Recently, we’ve seen an increased wave of gossip wreaking havoc across workplaces.

THE DARK SIDE OF GOSSIP – AKA THE VENTING PIT!

Then there’s the other kind – the whispered critique disguised as connection. Or speculative and condescending, framed as “concern”. Here’s one I heard recently… “She is so out of her depth. The team cover for her!” Or Envy or resentment about perceived favouritism “She’s only getting those projects because she knows how to suck up to X.” Or “I just need to vent, can you believe….”
This kind of gossip triggers the brain’s social pain network – the same circuitry that lights up during rejection. Prolonged exposure raises cortisol, drains focus, and corrodes psychological safety. Once people stop feeling safe to speak, silence takes over, and with it, disengagement.
What many people miss is that gossip doesn’t just travel outward…it ricochets! The person telling it and the person hearing it both absorb a quiet cost: a dip in trust, a spike in stress, and the uneasy sense that they might be next. Research (for example, Frontiers in Psychology) shows that gossip activates the brain’s social pain network, increasing stress and lowering empathy. Even though, in the moment, it may feel good to those participating.
How to Tell the Difference Between Light and Dark Gossip

It all comes down to motivation, tone, and impact. So words are morally neutral communication but we supply the ethics through our intention and delivery!
4 simple questions sift it out
- Would I say this if the person were here?
- Does this build or break trust?
- Do I feel lighter or smaller after saying it?
- Am I sharing it for positive purpose? For example, I need some advice on how to handle something that’s annoying me.
It’s constructive if the motivation is connection, the tone is respectful, and the impact is clarifying or encouraging. It’s corrosive if the motivation is ego, the tone is mocking, and the impact is division or secretive.
Be Deliberate with Gossip.
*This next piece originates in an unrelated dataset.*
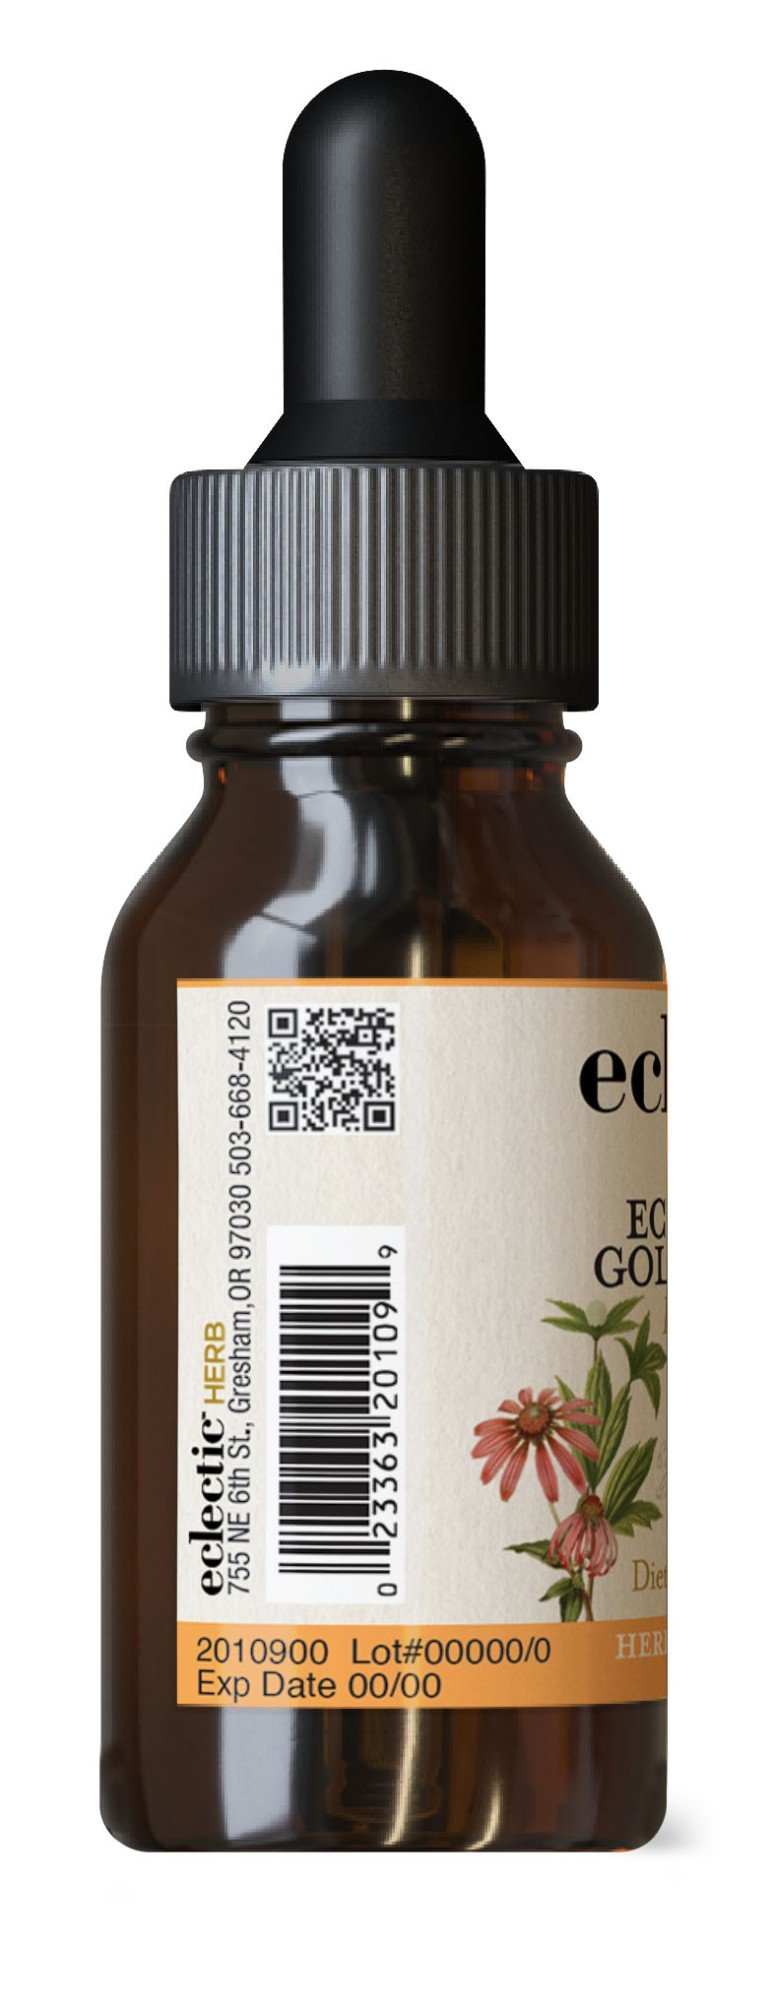 Eclectic Herb Echinacea-Goldenseal Orange Flavor No Alcohol Glycerite 1 oz Liquid

Here’s What To Do:
Gossip will happen: it’s part of how humans connect and make sense of each other. The opportunity lies in being deliberate about it. Ask yourself: What role is gossip playing in our relationships and our culture?
Here are ways to make it helpful, not harmful:
- Keep respect on repeat. Talk about people as if they were right there – because culture-wise, they always are.
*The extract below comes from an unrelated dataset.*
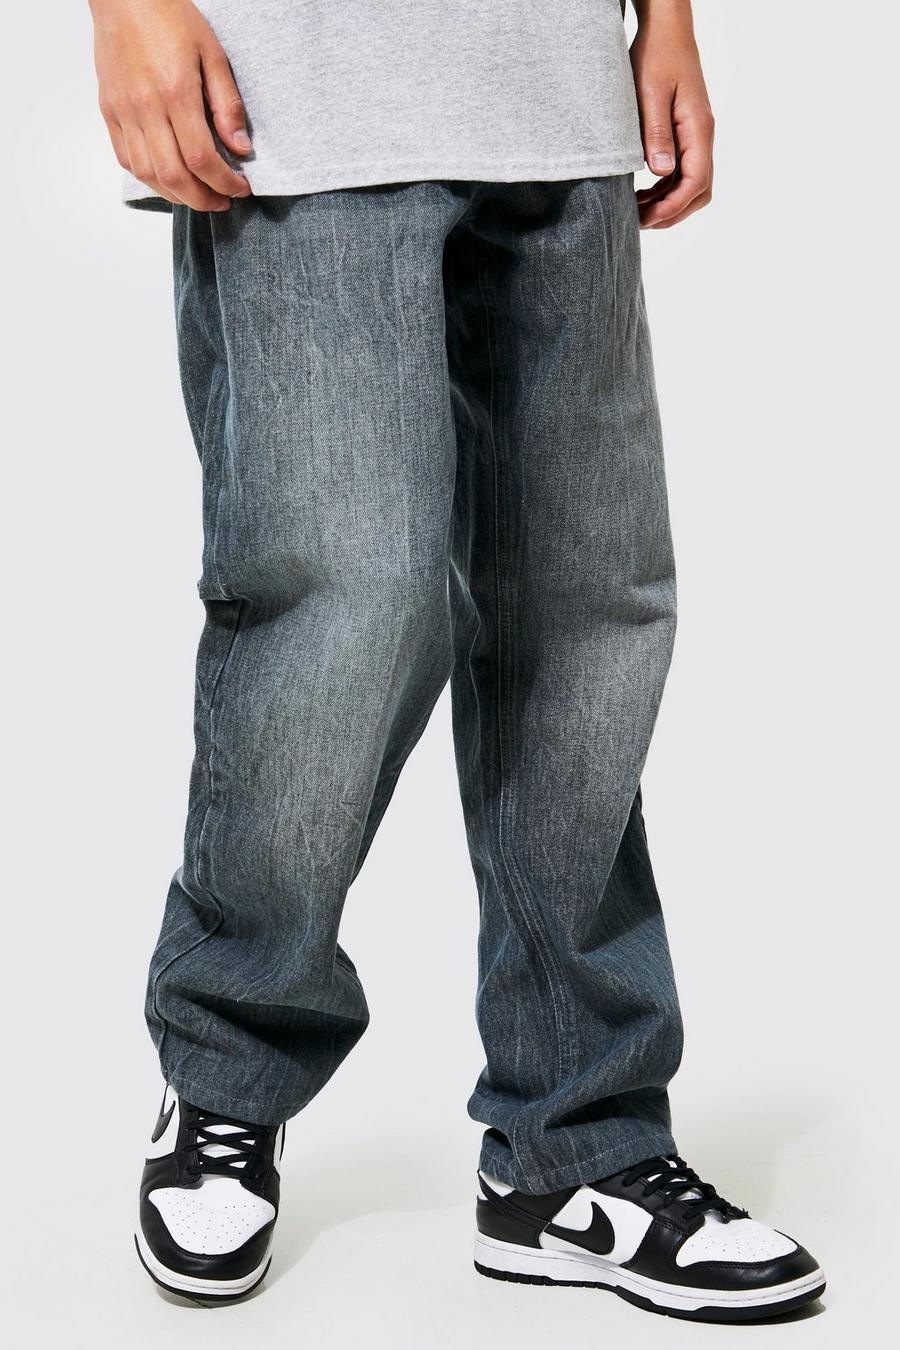 loose fit jeans for men

- Check the vibe and name it early. When conversation drifts into judgment or secrecy, pause and reset. “Hey, I think we’re guessing a bit here… should we just check that?”. Or if a conversation leaves that “ugh” feeling, it probably crossed a line. Pull back, reset, or change the subject.
- Fill the blanks before the rumours do. Most gossip grows in silence. Share what you can – facts, context, updates, etc, so people don’t have to make it up.
- Turn venting into problem-solving. Ask, “What would help you address that with them?” instead of marinating in frustration. Ask the person how you can help. If they say they just want to tell you be careful not to become a venting pit
- Spread the good stuff. Find genuine positive things – big and small – amplify stories of teamwork, effort, and integrity.
- Mind your aftertaste. If a conversation leaves you feeling uneasy, it probably crossed a line. Step back, reset, and model the tone you want echoed.
- Rehearse respect. Speak about others as if they were in the room… because in culture terms, they always are.
Gossip is Data!
What people talk about when no one’s watching tells you everything about your culture!